Date of Completion


Embargo Period



mitosis, apoptosis, APC, ATM, p53, microtubules

Major Advisor

Charles Giardina

Associate Advisor

Daniel Rosenberg

Associate Advisor

Brian Aneskievich

Field of Study

Molecular and Cell Biology


Doctor of Philosophy

Open Access

Open Access


Colon cancers harbor a variety of mutations that result in uncontrolled proliferation and suppression of apoptotic pathways. The initial objective of our work was to understand how colon cancer cells survive their inflammatory micro-environment, including high levels of TNF and other death ligands. Towards this goal, we identified a series of mitotically acting piperazine-based compounds that sensitized colon cancer cells to TNF-dependent apoptosis. The most potent of these compounds, 1-(3-chlorophenyl)-4-(2-ethoxybenzoyl)piperazine or AK301, arrested cells in a mitotic state (EC50 ≈ 115 nM) in which the TNF receptor was efficiently coupled to caspase-8 activation. Our structure-activity relationship studies predicted AK301 binding to β-tubulin in a novel orientation that reduced the rate of tubulin polymerization. These data suggested that targeting mitosis may be an effective approach for sensitizing cancer cells to their inflammatory microenvironment.
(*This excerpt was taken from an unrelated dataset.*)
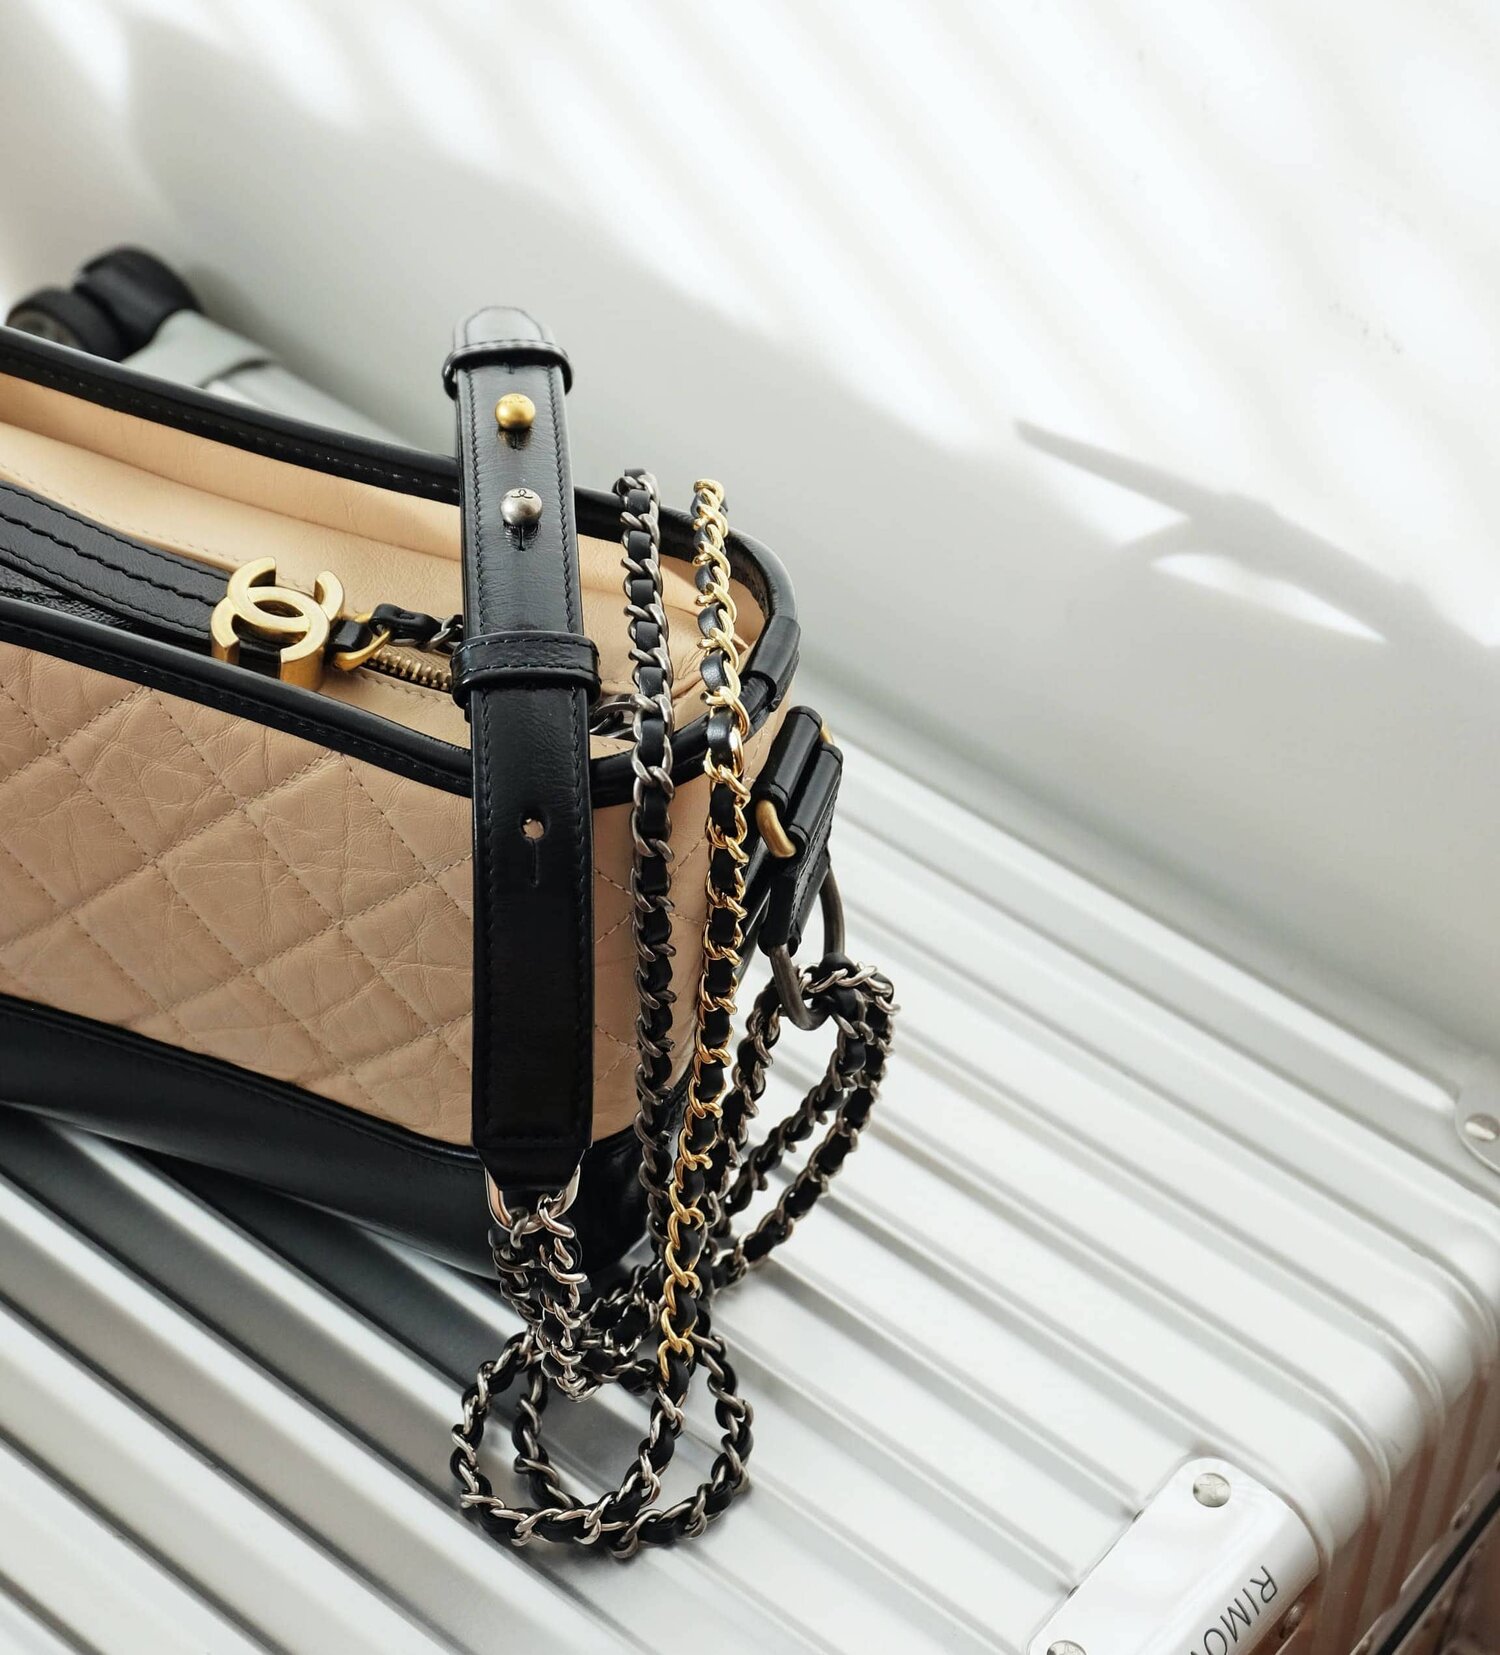 Céline Vintage - Leather Satchel Bag - White Ivory - Leather Handbag - Luxury  High Quality - Avvenice

Further study of the activity of AK301 showed that p53-normal colon cancer cells efficiently underwent apoptosis in the absence of death ligands following release from their mitotic arrest. Study of this effect indicated that AK301-treated cells showed high levels of ATM signaling during mitotic arrest and exit from mitosis, following compound withdrawal, resulted in a p53-dependent apoptosis. Interestingly, the apoptotic activity of AK301 was more apparent in APC mutant cells, suggesting that AK301 exacerbated the mitotic defects associated with an APC mutation. This work details the identification and structure-activity relationship studies of a new class of small molecule compounds and explores their anti-mitotic activity and provides a paradigm for exploiting molecular alterations in mutated cells. These findings could serve as a basis for the development of agents that target the molecular alterations in mutated colon cancer cells and augment the apoptotic actions of their inflammatory microenvironment, for robust activation of apoptotic signaling. Understanding the mechanisms cancer cells use to suppress apoptosis may ultimately facilitate in the development of novel approaches to colon cancer treatment and prevention.